- ASSIGNMENT:
Reproduce, exactly and in full, the lines from the one with "INDIA 100 RUPEES" through the one with "Vermelho Feminina Cortiça" in the data below; drop pictures.

- SUPPLIED DATA:

- - - - -

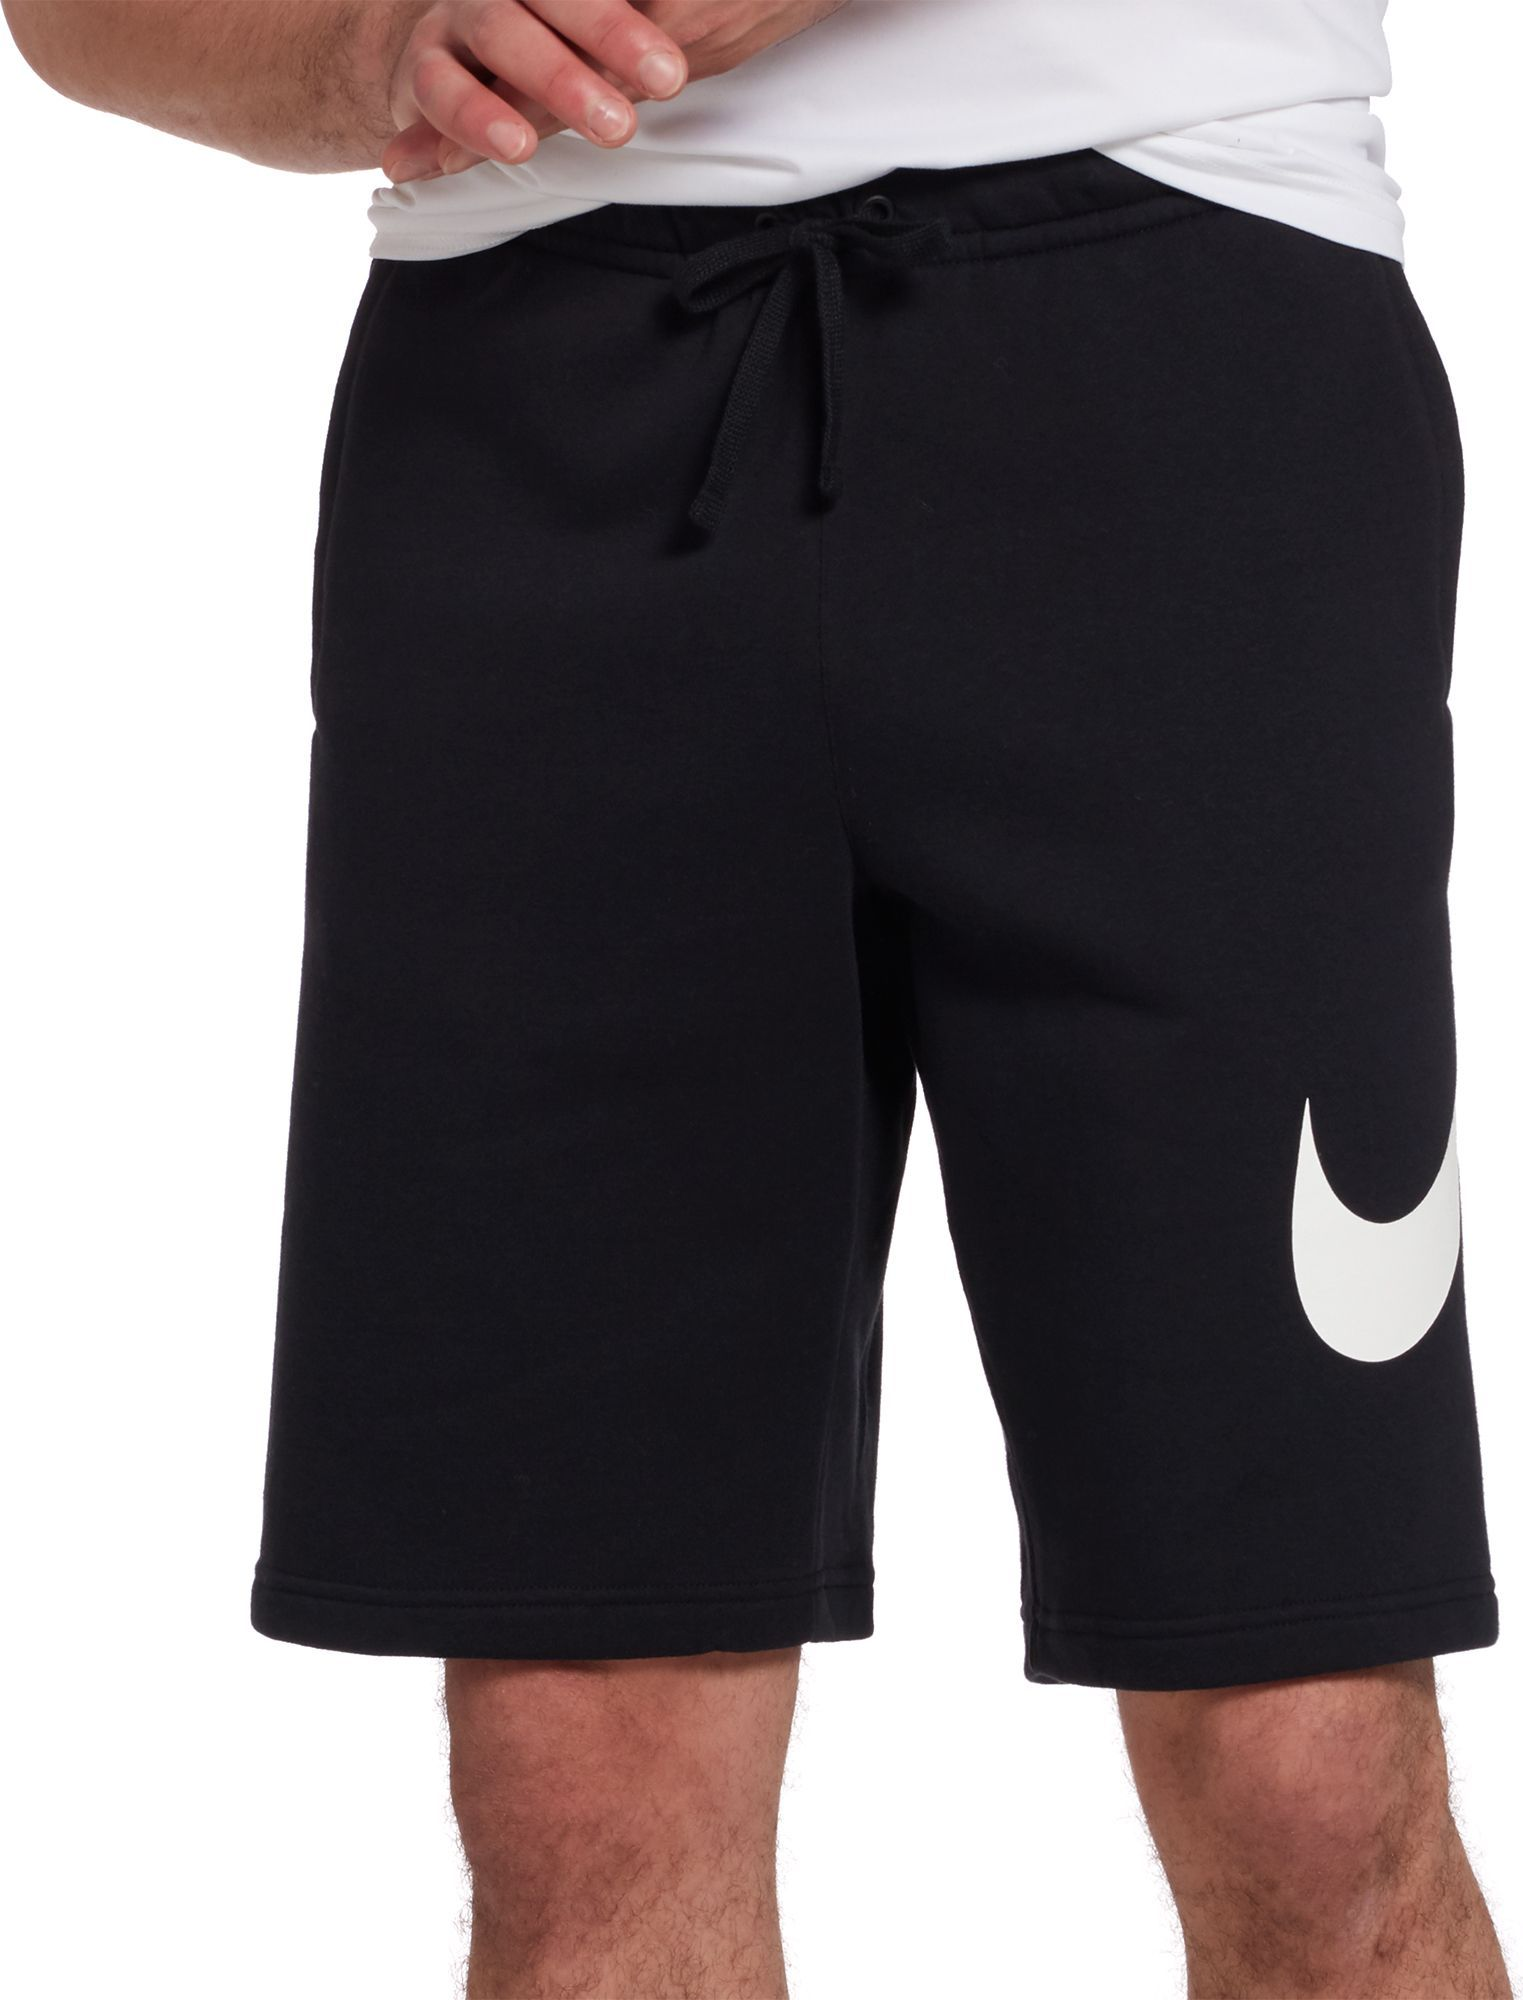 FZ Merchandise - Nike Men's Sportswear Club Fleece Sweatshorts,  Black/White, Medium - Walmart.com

- - - - -

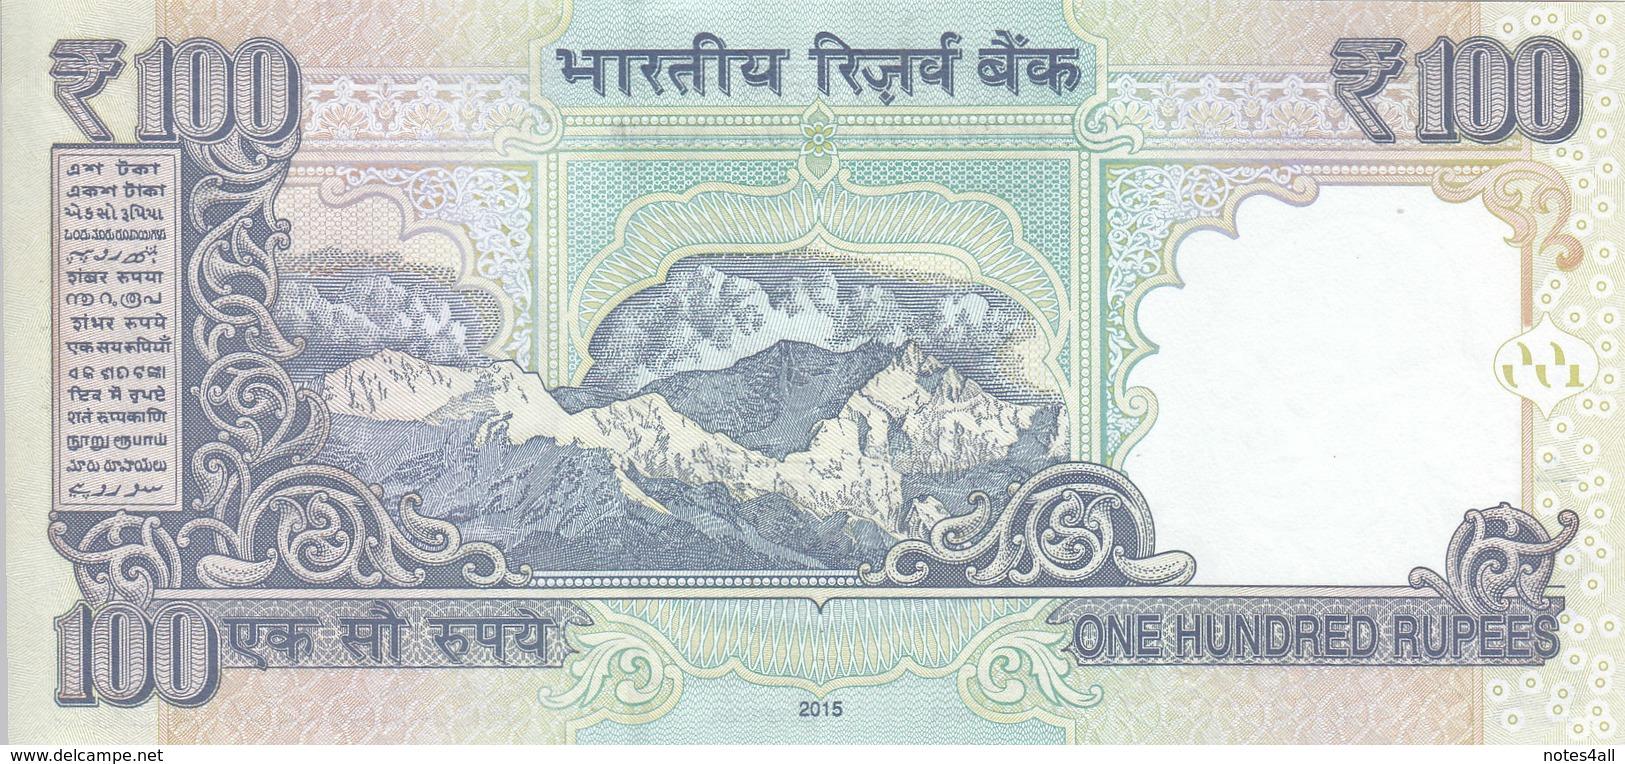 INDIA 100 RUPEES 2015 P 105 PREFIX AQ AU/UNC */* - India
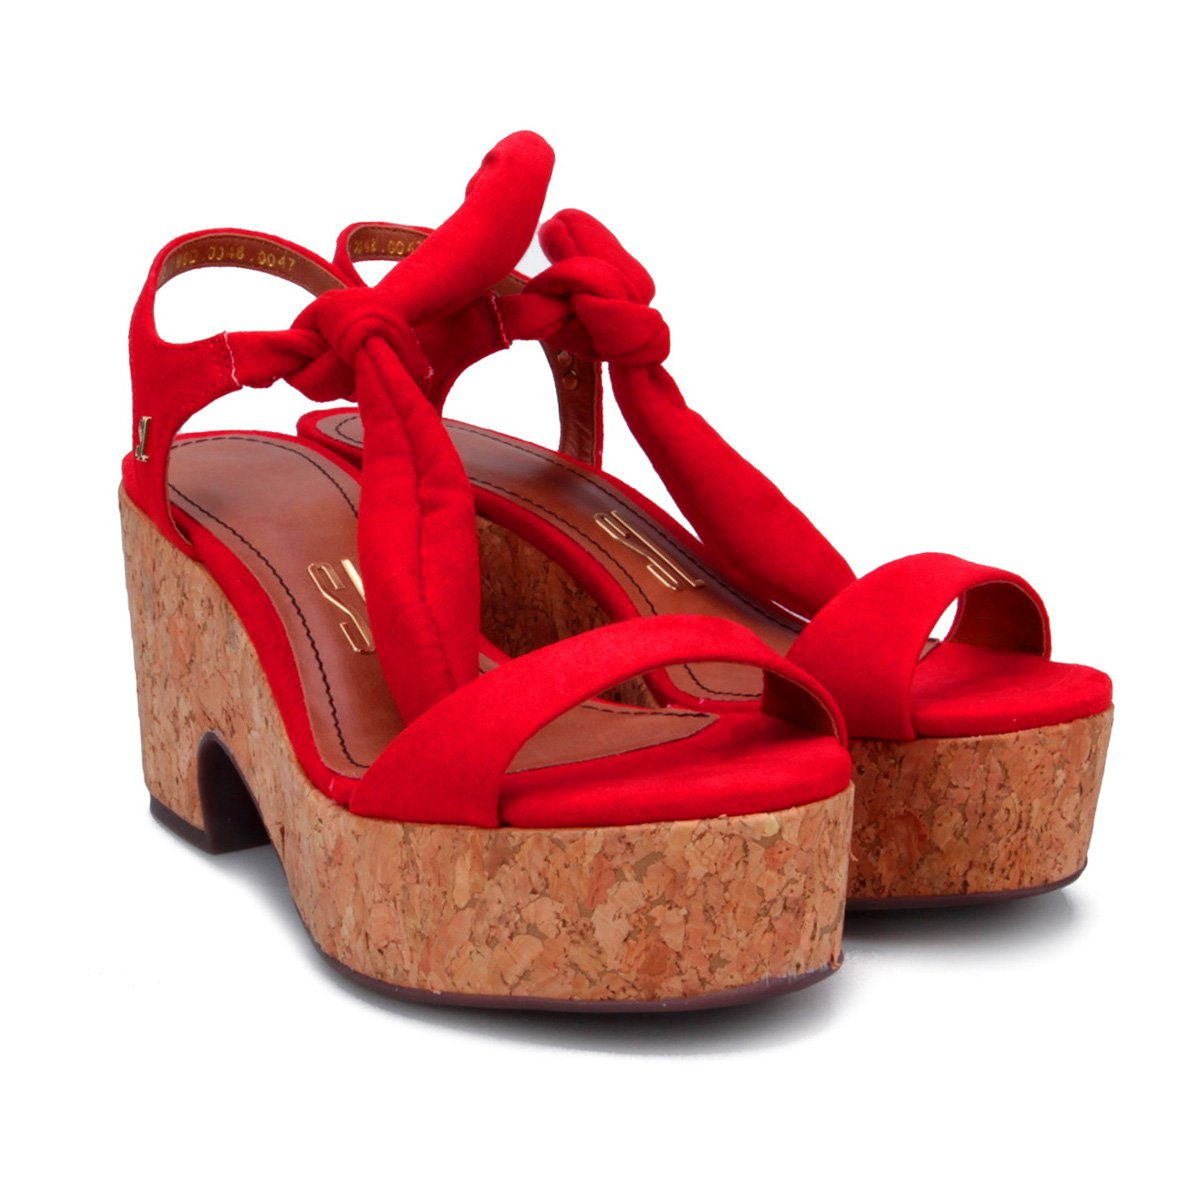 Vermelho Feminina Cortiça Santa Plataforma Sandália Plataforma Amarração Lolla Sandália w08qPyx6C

- - - - -

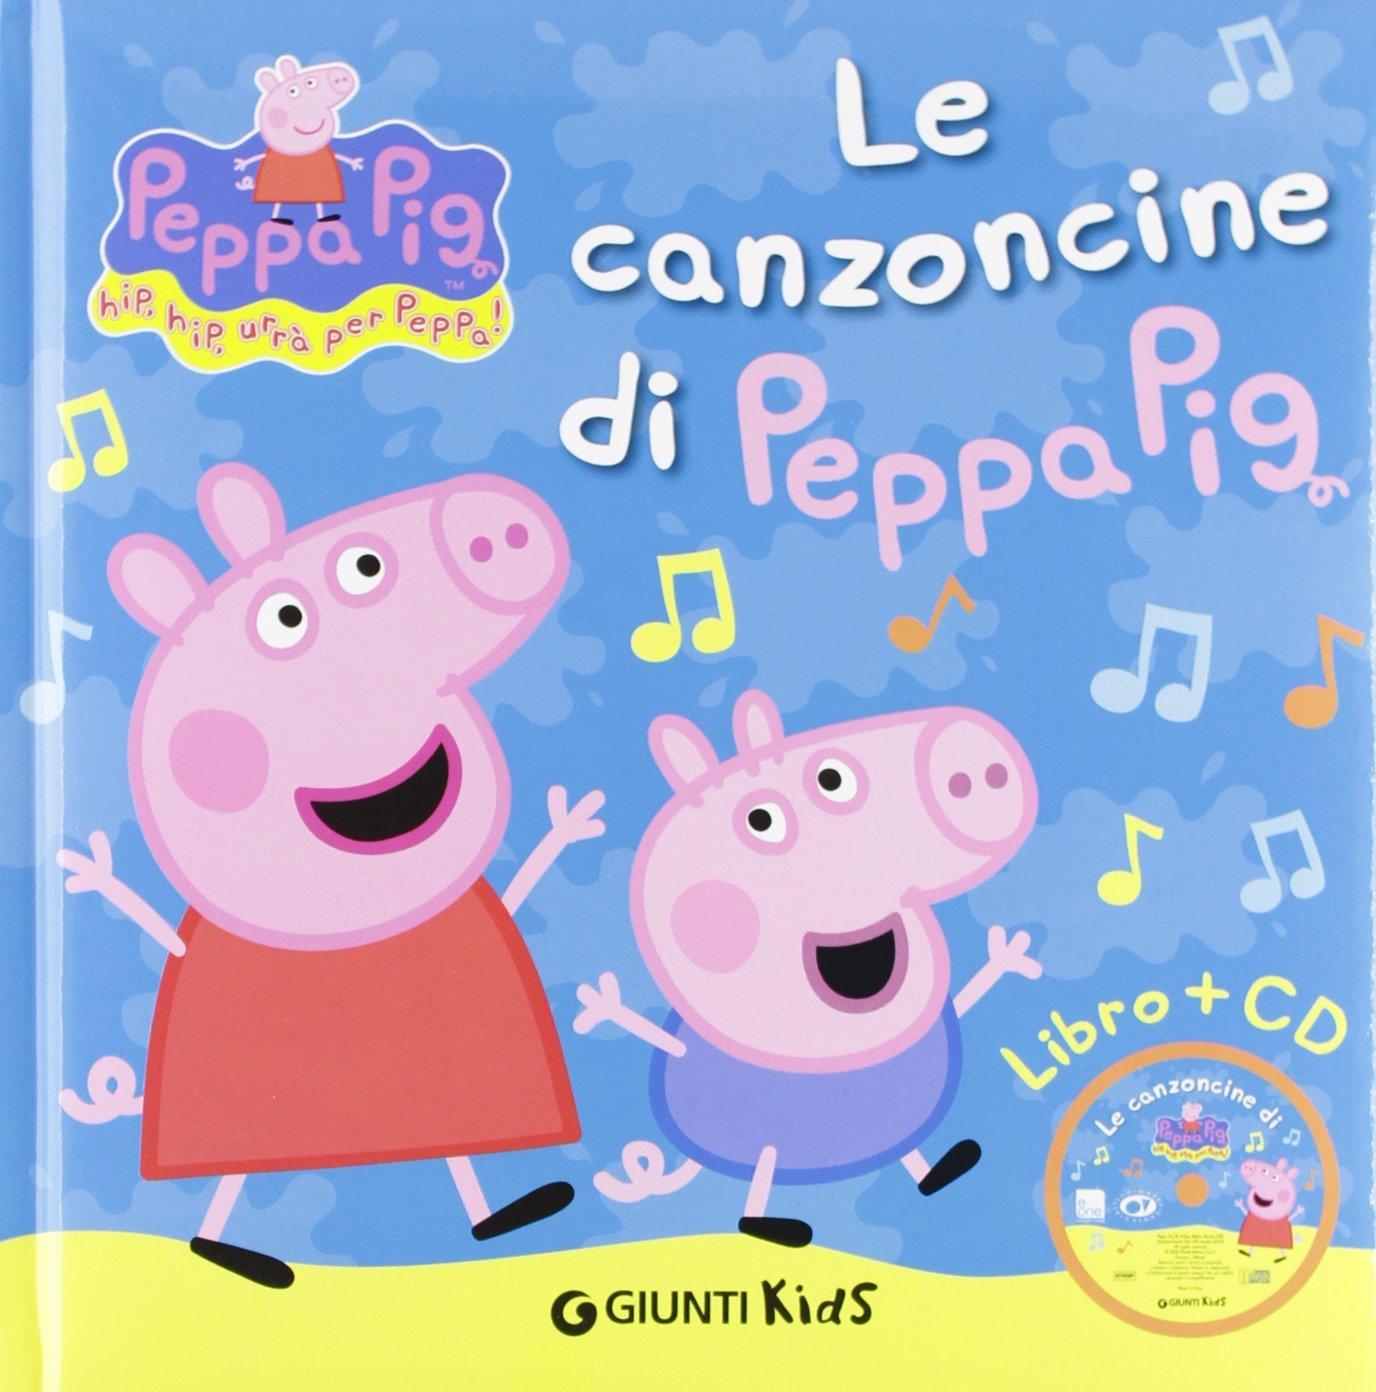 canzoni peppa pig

- - - - -

- SOLUTION FOR THIS TASK:
 INDIA 100 RUPEES 2015 P 105 PREFIX AQ AU/UNC */* - India
 Vermelho Feminina Cortiça Santa Plataforma Sandália Plataforma Amarração Lolla Sandália w08qPyx6C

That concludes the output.